TASK REQUIREMENTS: Quote the entries below from the line with "Progress Sitefinity x BAYOOTEC" through the line with "Kunstnere og sådan", both ends included, and only those lines.

INPUT DATA:
┏━━

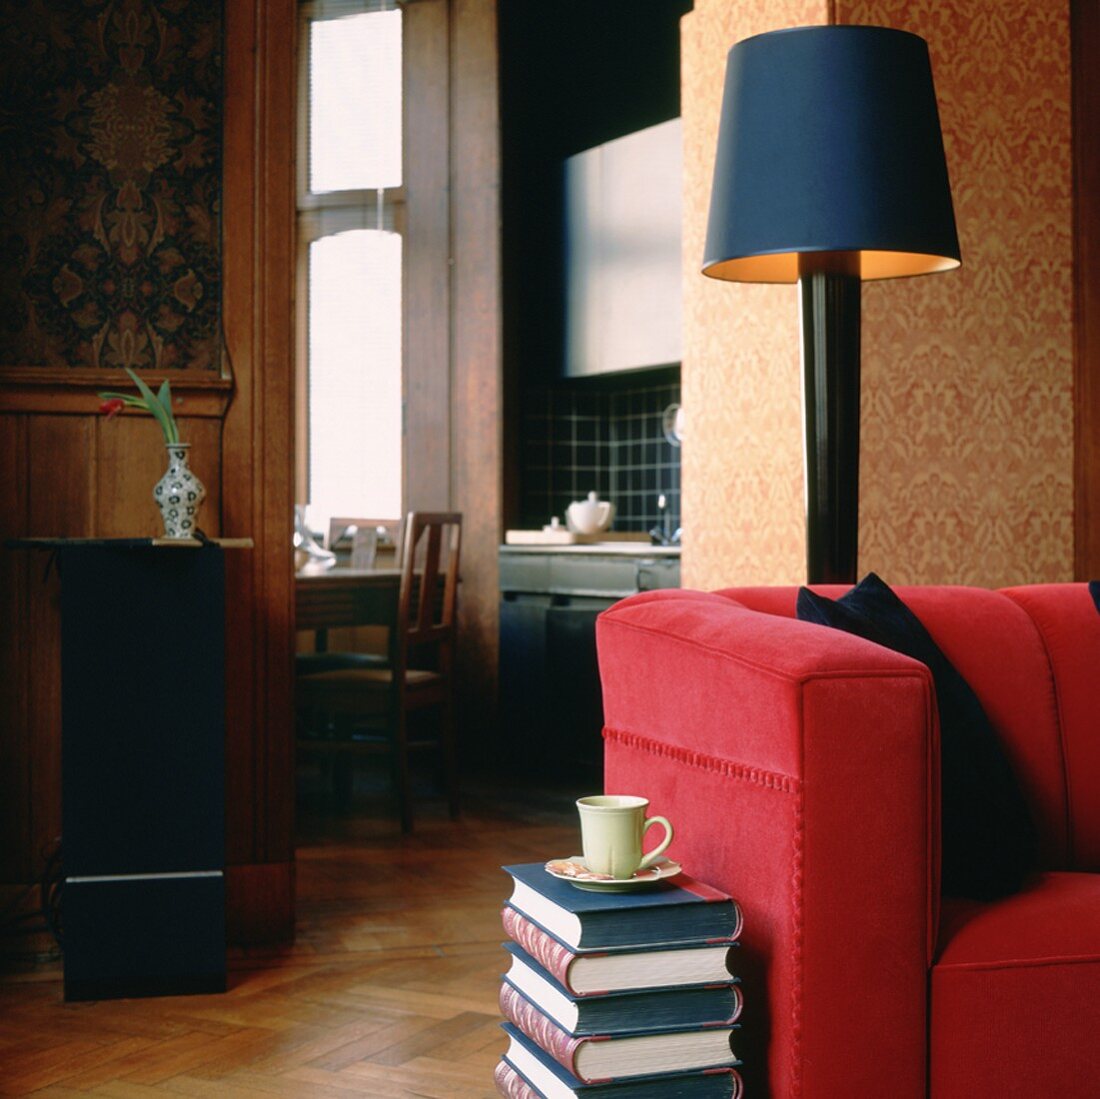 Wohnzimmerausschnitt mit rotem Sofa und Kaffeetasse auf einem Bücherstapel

┗━━
┏━━

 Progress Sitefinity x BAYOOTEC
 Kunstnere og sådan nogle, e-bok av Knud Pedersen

┗━━
┏━━

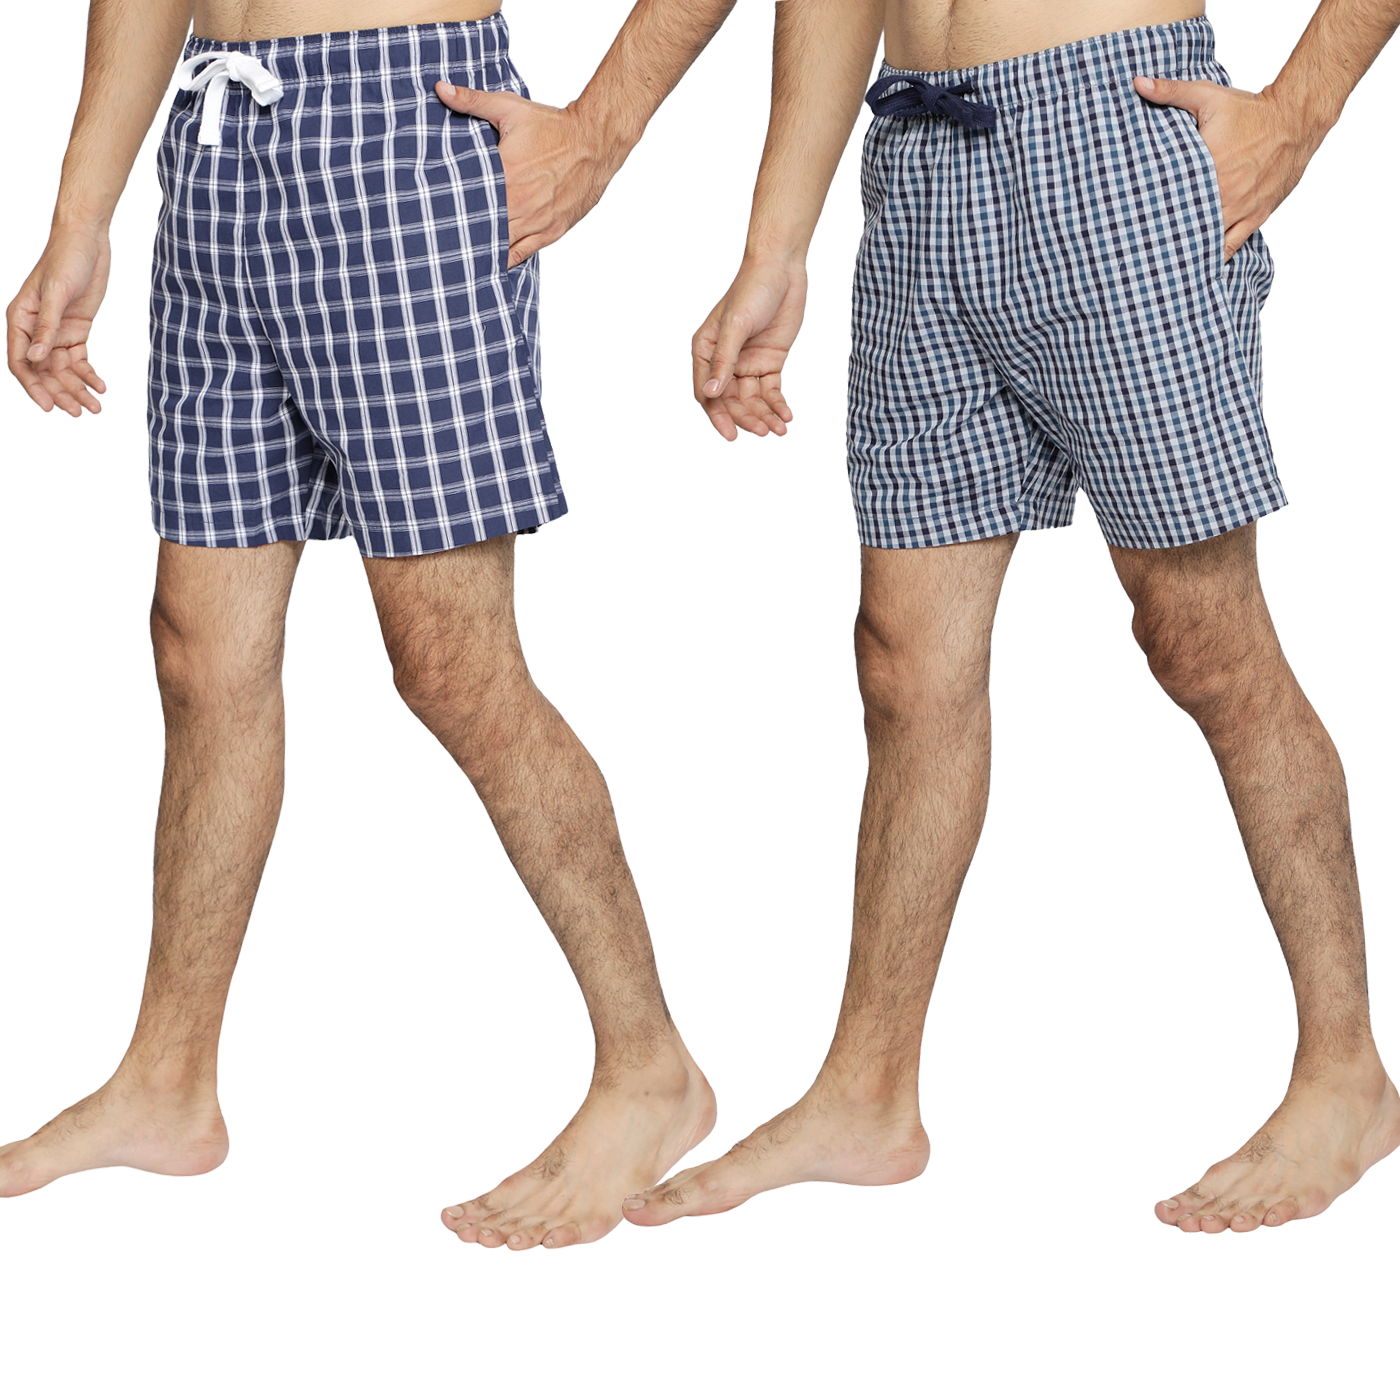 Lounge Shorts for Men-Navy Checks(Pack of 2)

┗━━

ANSWER BELOW:
 Progress Sitefinity x BAYOOTEC
 Kunstnere og sådan nogle, e-bok av Knud Pedersen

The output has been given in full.